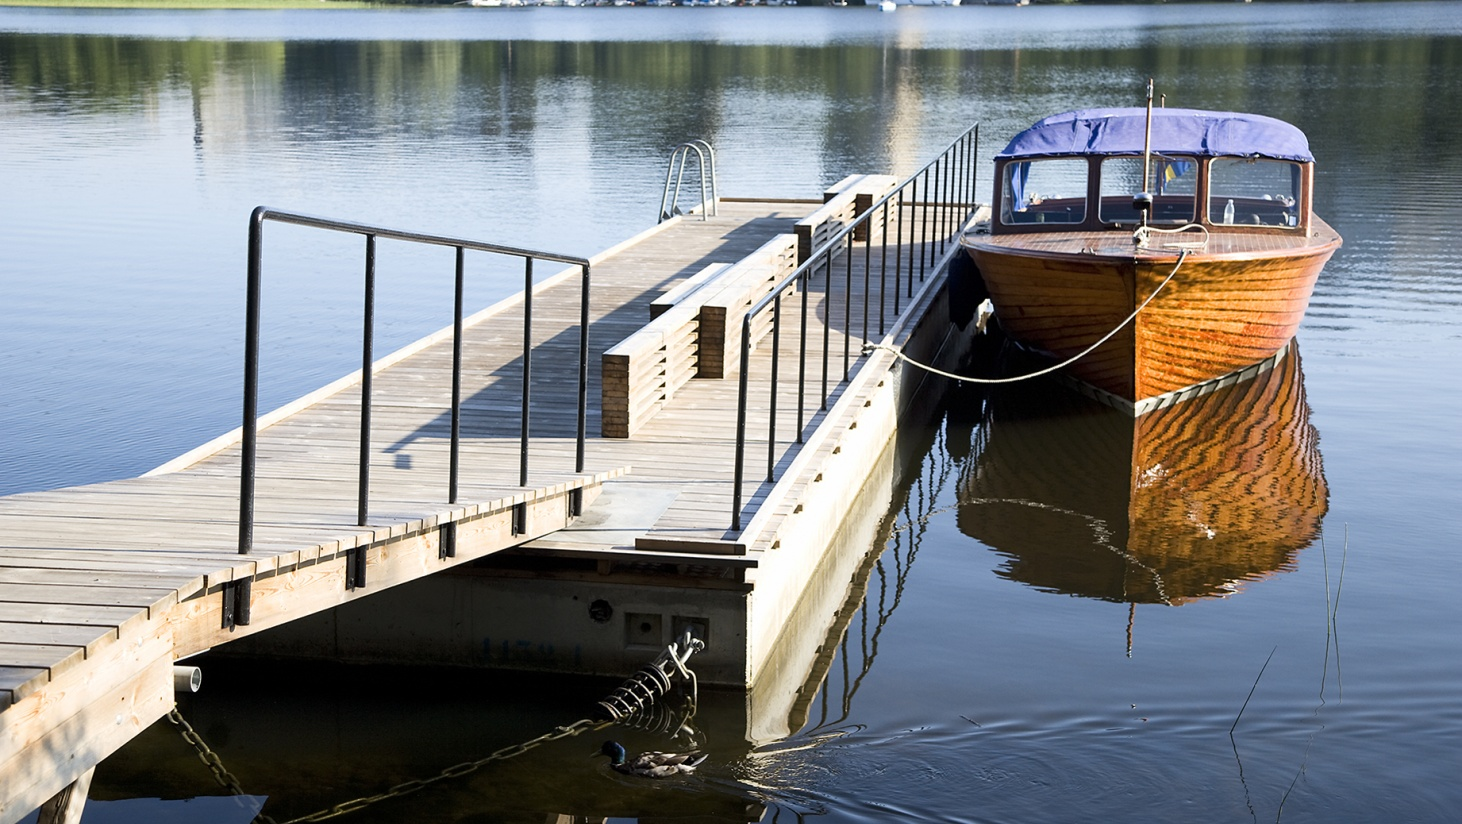 Kebony modified wood decking and boardwalk is beautiful, sustainable and recyclable.
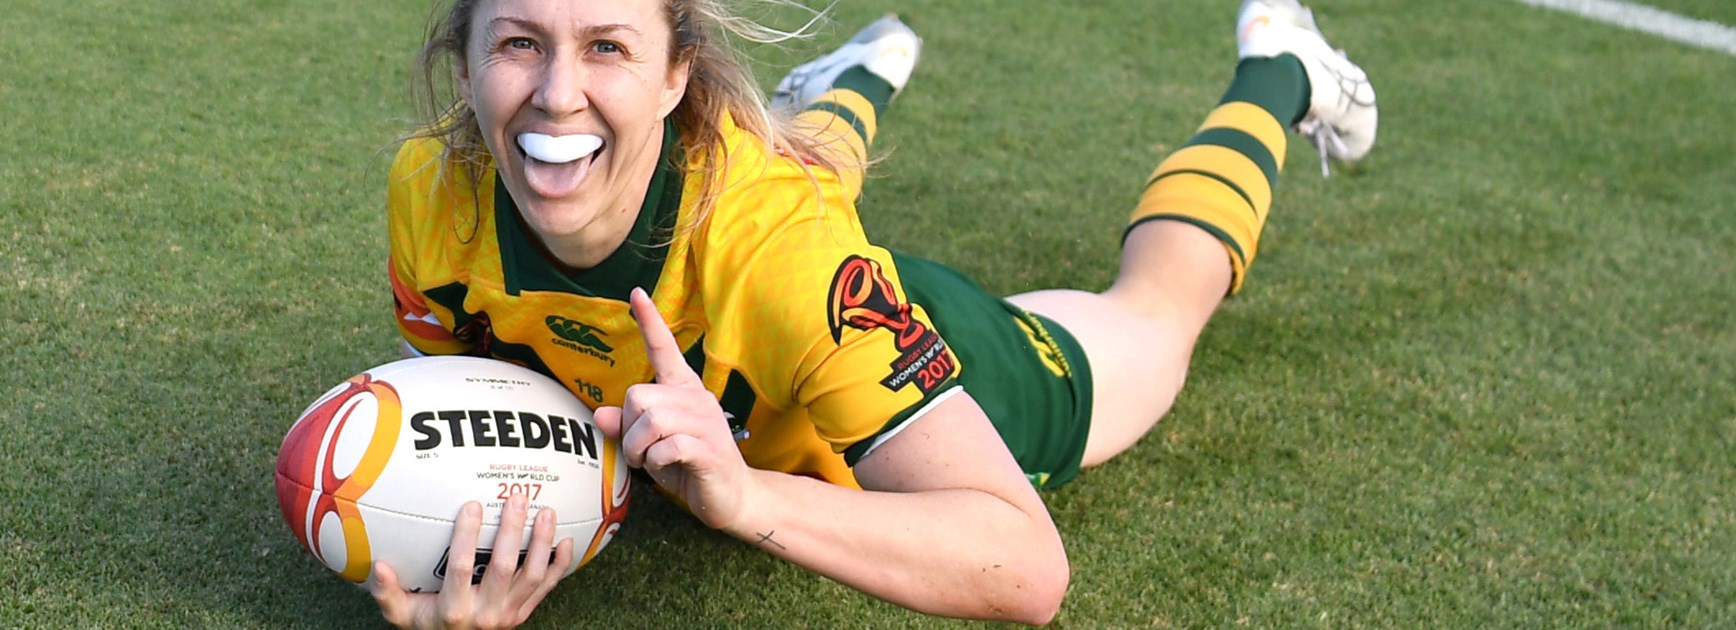 Geographic location the focus as NRL women's teams announced
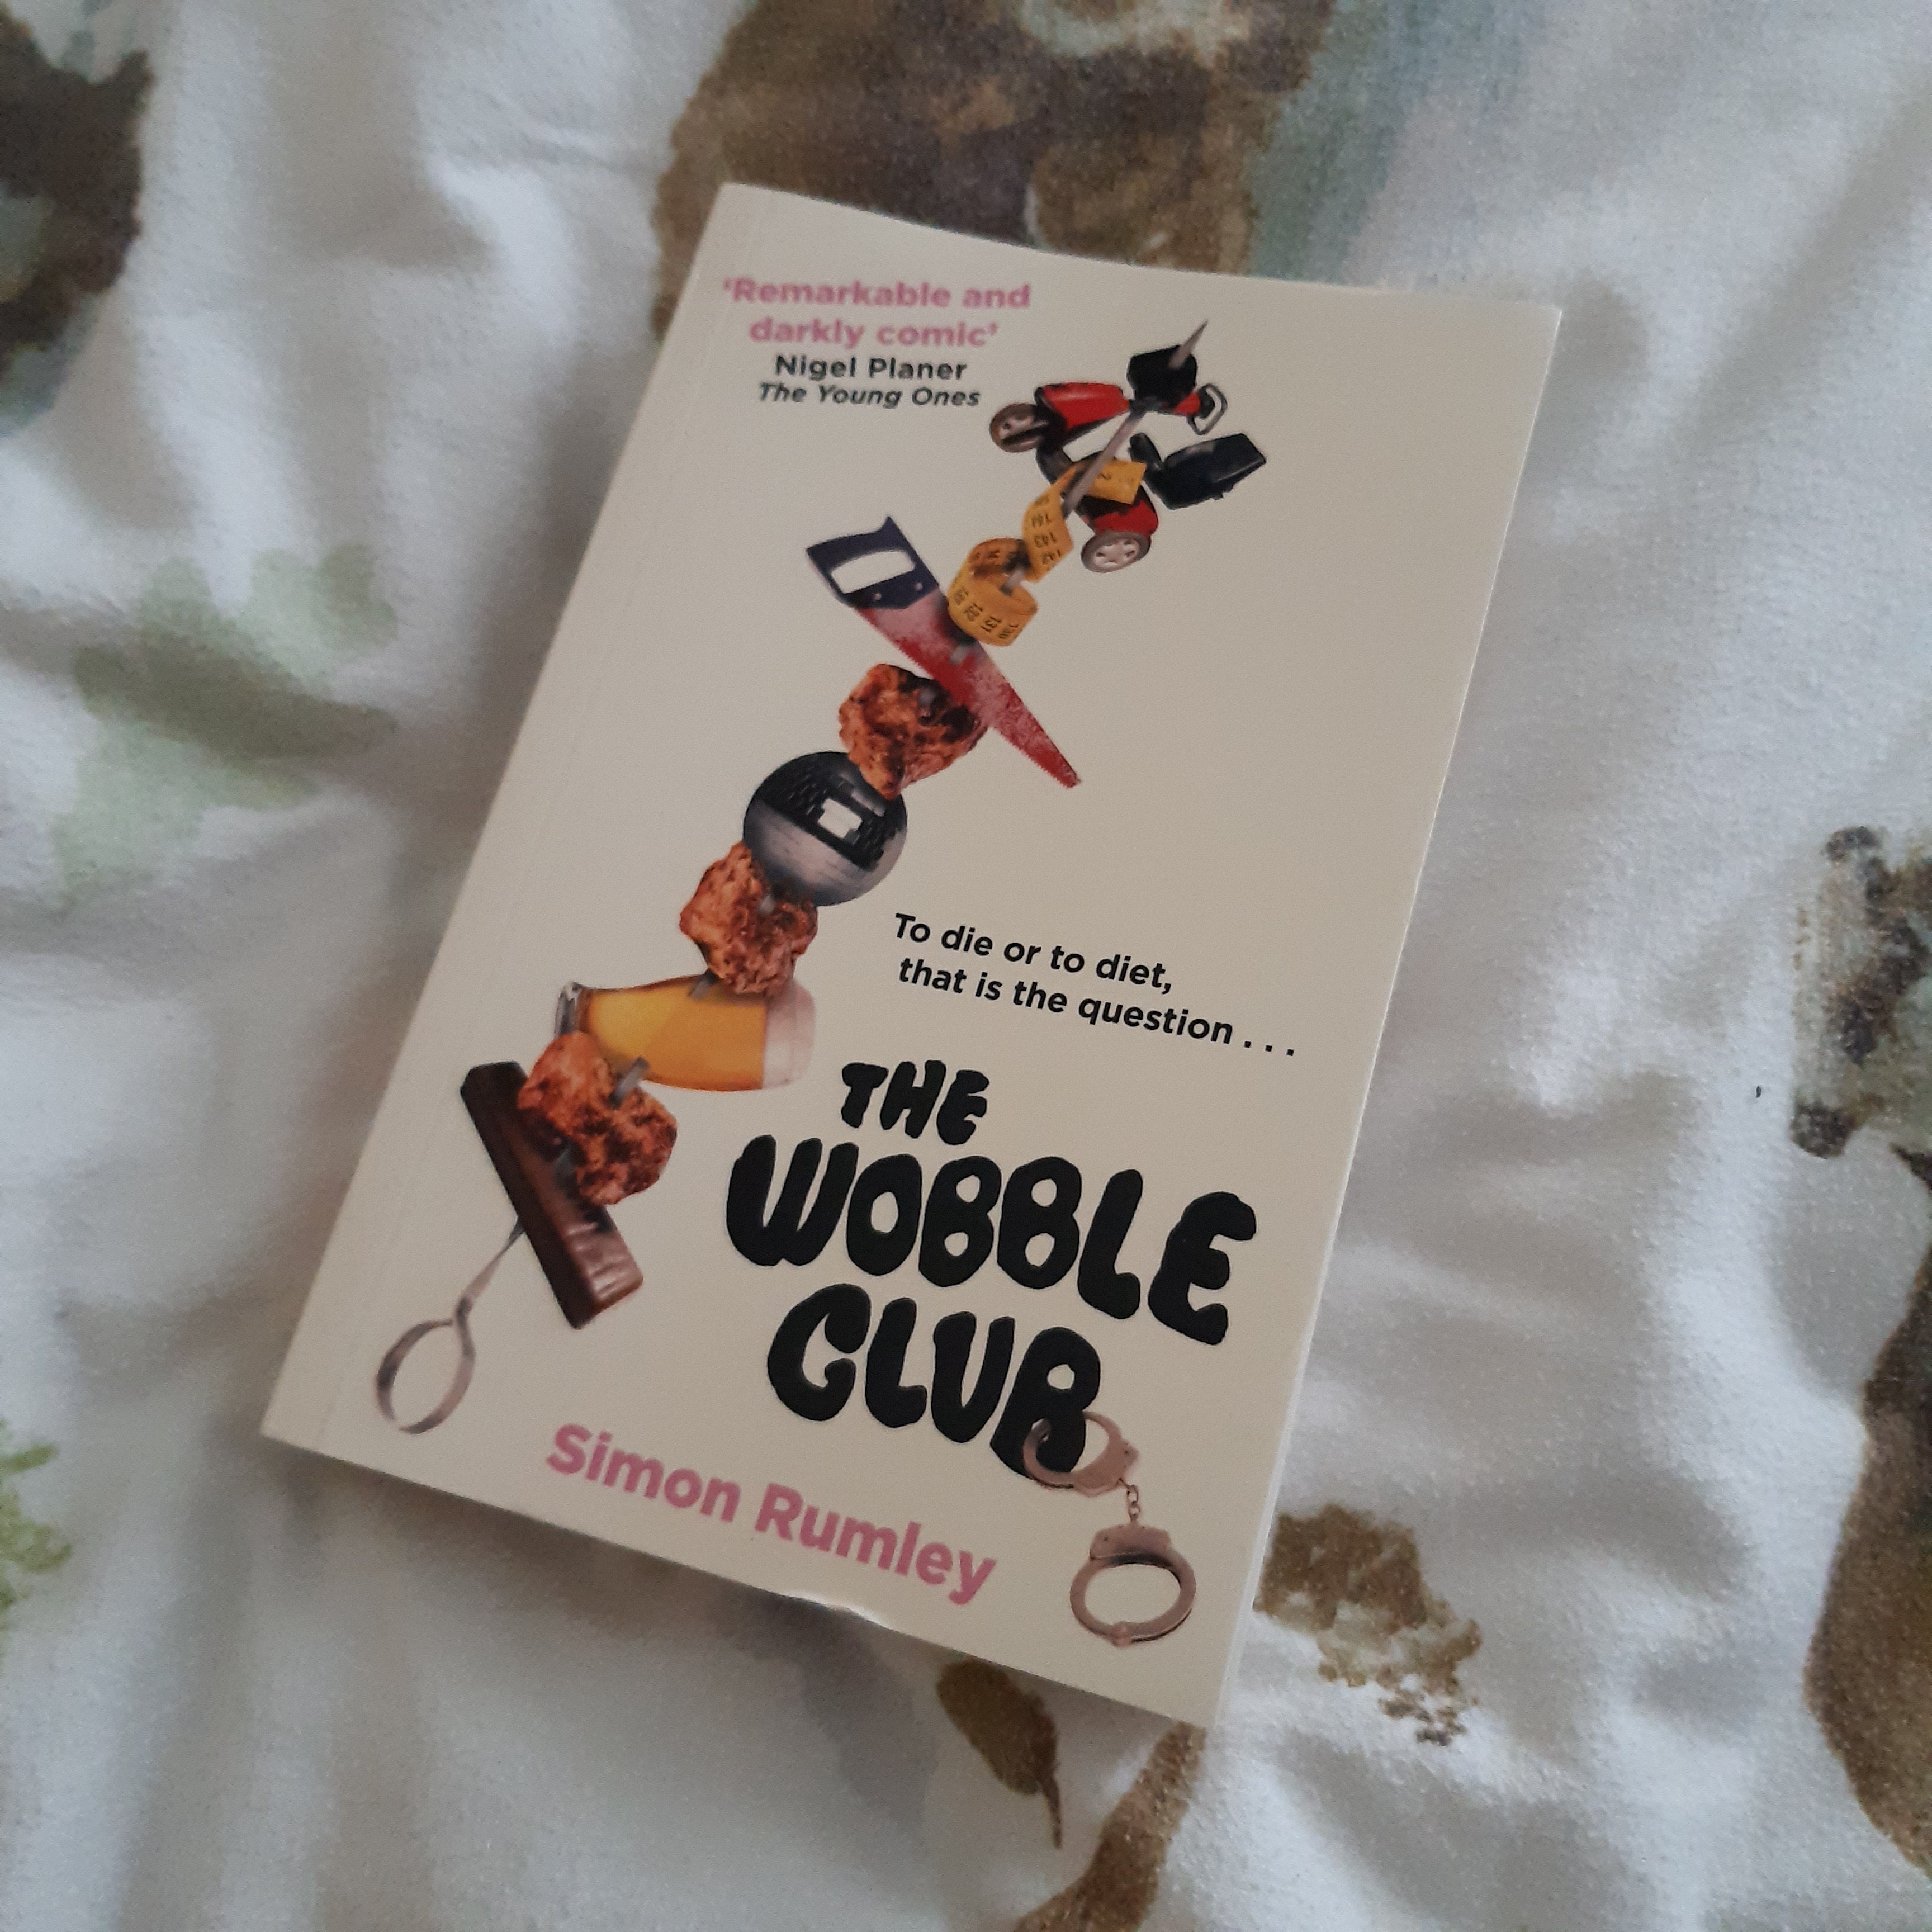 Book Review: Simon Rumley's THE WOBBLE CLUB

★ ★ ★ ★

> [Activity] Transcribe the listing in full. Leave the pictures out.

> [Result for this exercise]
 Kebony modified wood decking and boardwalk is beautiful, sustainable and recyclable.
 Geographic location the focus as NRL women's teams announced
 Book Review: Simon Rumley's THE WOBBLE CLUB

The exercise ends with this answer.